Der Motor ist ein flüssigkeitsgekühlter Reihenzweizylinder (DOHC) mit einem Hubraum von 321 cc und einem Bohrung/Hub-Verhältnis von 68 x 44,1 mm. Die Maximalleistung beträgt 42 PS bei 10,750 U/min. und das maximale Drehmoment von 29,6 Nm steht bei 9,000 U/min. an. Bei ca. 13,500 Touren ist dann Schluss mit der Drehorgie. Auf der Autobahn über spanisches Hügelland erreichte ich mit der R3 laut Tacho 196 km/h Spitze. Denkt man sich eine Gerade bei etwas Rückenwind, sollte man die 200 km/h Mauer durchbrechen können. Respektabel, sehr respektabel.

Optisch hat die R3 einige Elemente von ihren Schwestern übernommen, die Front wurde aber neu und eigenständig gestaltet und erinnert trotzdem an das eine oder andere Modell bekannter Marken. Die Farbgebung des von uns getesteten Modells ist typisch für Yamaha, daneben ist noch eine zweite Farboption verfügbar.

Federleicht und superschlank.

Sie sieht zwar auch in der Stadt scharf und sportlich aus, kann aber völlig entspannt gefahren werden. Vibrationen sind im unteren Drehzahlbereich praktisch nicht vorhanden und die Lautstärke hält sich ebenfalls sehr in Grenzen. Beruhigendes Surren begleiten den ruhigen, geschmeidigen Fluss durch die Asphaltvenen des urbanen Körpers.

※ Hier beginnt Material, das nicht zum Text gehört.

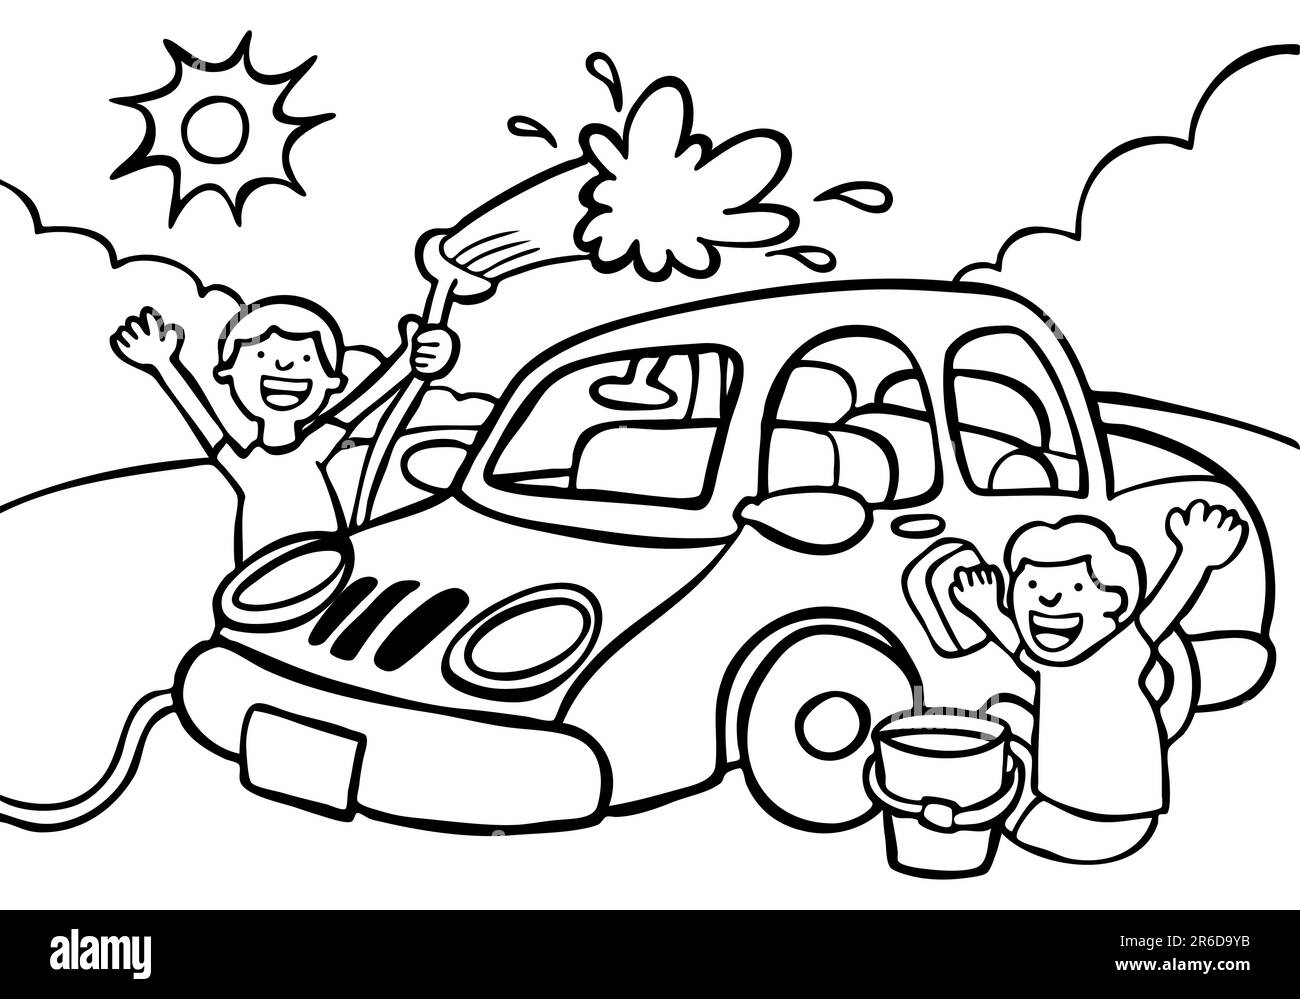 Cartoon image of two kids washing a car - black / white version Stock ...

Mit einer Breite von nur 720 mm und einem Gewicht von 169 kg vollgetankt kann die R3 spielerisch am stockenden Verkehrskreislauf vorbei manövriert werden. Auch wenn ich mich für die Fotos extra zusammengekauert habe - im Normalfall würde man bequem und total relaxed sitzen. Ausreichend bequem ist der flache Sitz, der viel Bewegungsfreiheit garantiert.

Überzeugt im Stadtverkehr und Rennstreckenbetrieb.

Die Testfahrt startete in der Stadt und führte über eine traumhafte Strecke (auf der man sich dann doch hin und wieder ein paar PS mehr wünschte) über spanisches Hügelland zur Calafat-Rennstrecke. So bekamen wir eine erste Ahnung von der Sportlichkeit der R3, denn die Gabel und die Bremse überraschten mit Transparenz bzw. vorbildlicher Dosierbarkeit und kraft.

Da der Hinterreifen mit 42 PS kaum überfordert werden kann und quasi nix passieren kann, ist es besonders wichtig, viel Feedback über die Gabel aufzunehmen. Im Stand wirkte sie zwar noch recht weich, aber sogar auf der Rennstrecke beim harten Anbremsen bewahrte sie Ruhe, zeigte Härte und ging nicht auf Block. Das ABS regelte zudem recht spät, was die Präzision am Kurveneingang verbesserte.

Feine Front, feste Bremsen.

Die Front ist der größte Vorteil der Yamaha R3. Obwohl die Gabel eher auf der soften Seite ist, besaß sie für den Rennstreckeneinsatz dennoch genügend Härte, um unter der Druck nicht die Kontrolle zu verlieren. Yamaha hat hier einen sehr guten Mittelweg in der Abstimmung gefunden. Das zweite, große Plus ist die Vorderradbremse, die in Dosierbarkeit und Bremsleistung überzeugen konnte.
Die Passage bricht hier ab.